With another school year on the near horizon, Cammidge’s wife said the lack of COVID reporting is preventing her from being able to assess the risk in the community before sending their kids back to school.
For the past three years, Albertans have been able to visit the CHI website for COVID wastewater data for towns and cities province-wide.
On Monday, it posted a notice that as of July 31, that role was being transitioned to Alberta Health and Alberta Precision Laboratories (APL).
Influenza and RSV in wastewater will continue to be monitored by the Pan-Alberta Wastewater Monitoring Team that includes members from the U of C and University of Alberta.
“We are proud to have provided this public health service to the citizens of Alberta for the last three years, in partnership with the University of Alberta, Alberta Health Services, (Alberta Health), APL and municipalities across the province,” the U of C said in a statement.
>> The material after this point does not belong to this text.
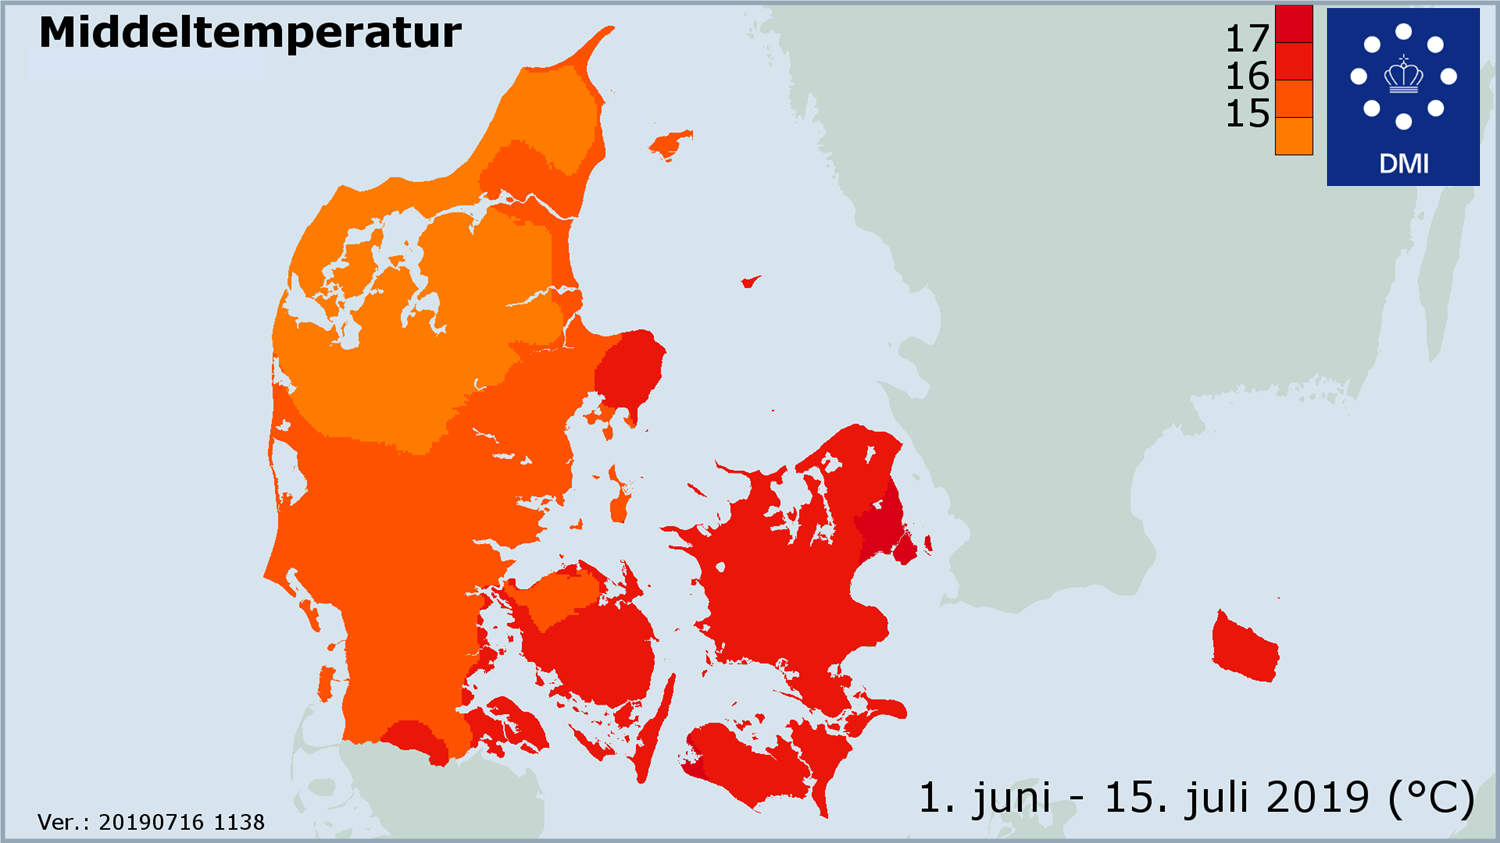 Kort over Danmarks middeltemperatur i første havldel af Juni
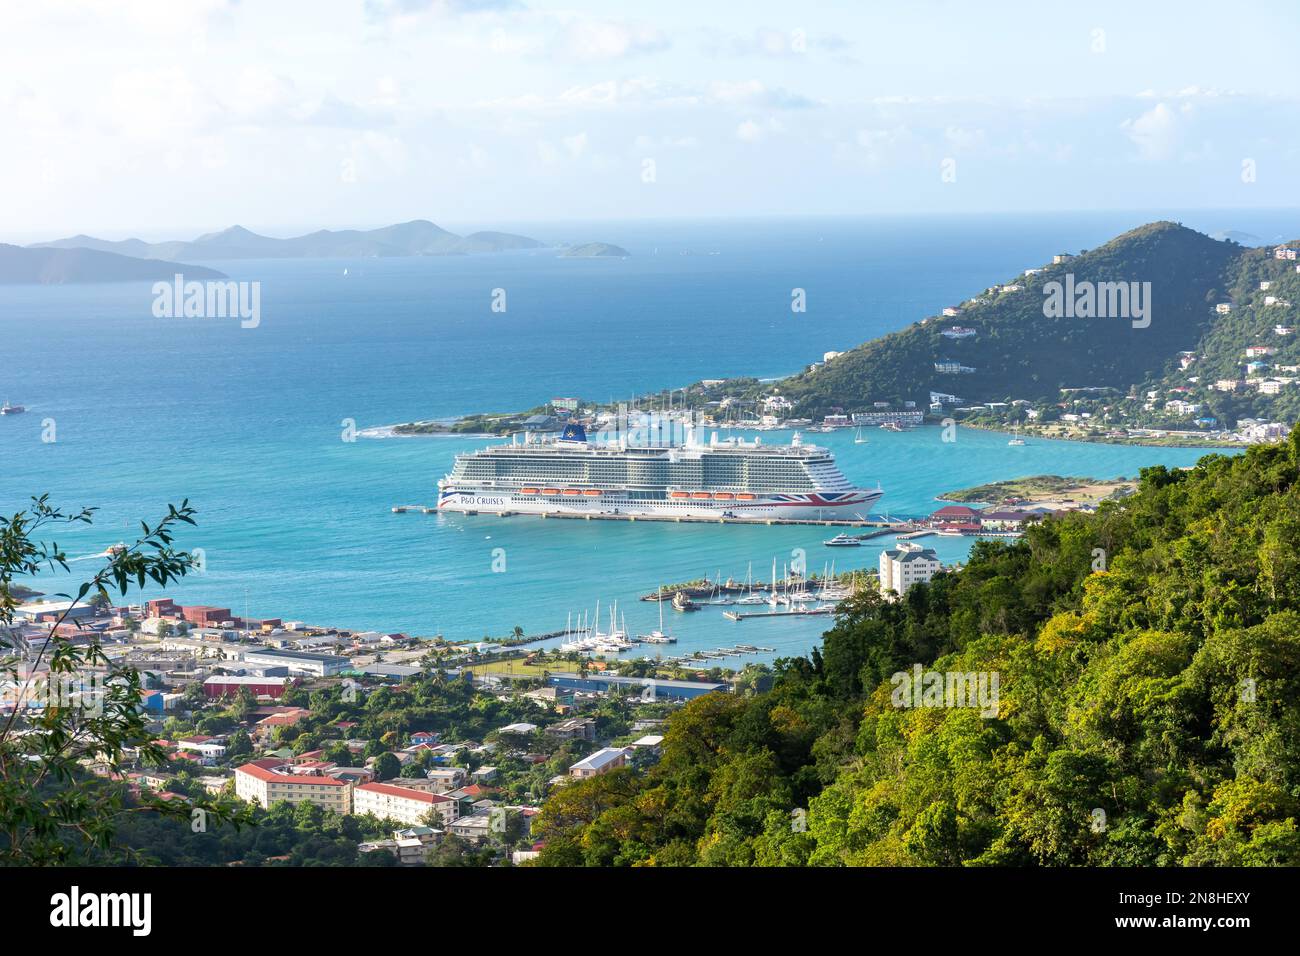 P&O Kreuzfahrtschiff, angelegt in Road Town vom Ridge Road Lookout, Tortola, den Britischen Jungferninseln (BVI), den kleinen Antillen, Karibik Stockfoto

The province said the next tranche of COVID wastewater data will be released in two weeks’ time and will be released monthly until something changes, a marked departure from the previous issuance of multiple times per week.
Alberta Health officials will continue to monitor all COVID-related data internally.
Austin said COVID has fallen off the radar for some of the parents she’s spoken to as part of her advocacy efforts, while other parents have expressed concerns about the dropping of nearly all public health measures inside and outside of medical settings.
“I think part of the disconnect I’m hearing between parents who have no concerns and parents who are gravely concerned is the lack of evidence-based information that’s being made available by public health authorities,” she said.
Colijn said data on what the disease is doing in the community is necessary for a public conversation on how to best handle COVID to everyone’s benefit.
“I think to have that public conversation, we need data. And, you know, we don’t necessarily need the daily data or weekly data, but I think we need data on what’s happening not just in hospitals or in certain key populations, but we need data about what’s happening in the community, how many people have COVID, how many people have long COVID,” the research chair said.
“I think we need to be monitoring that. I think we need to be thinking about it as a society — what we’re going to do.”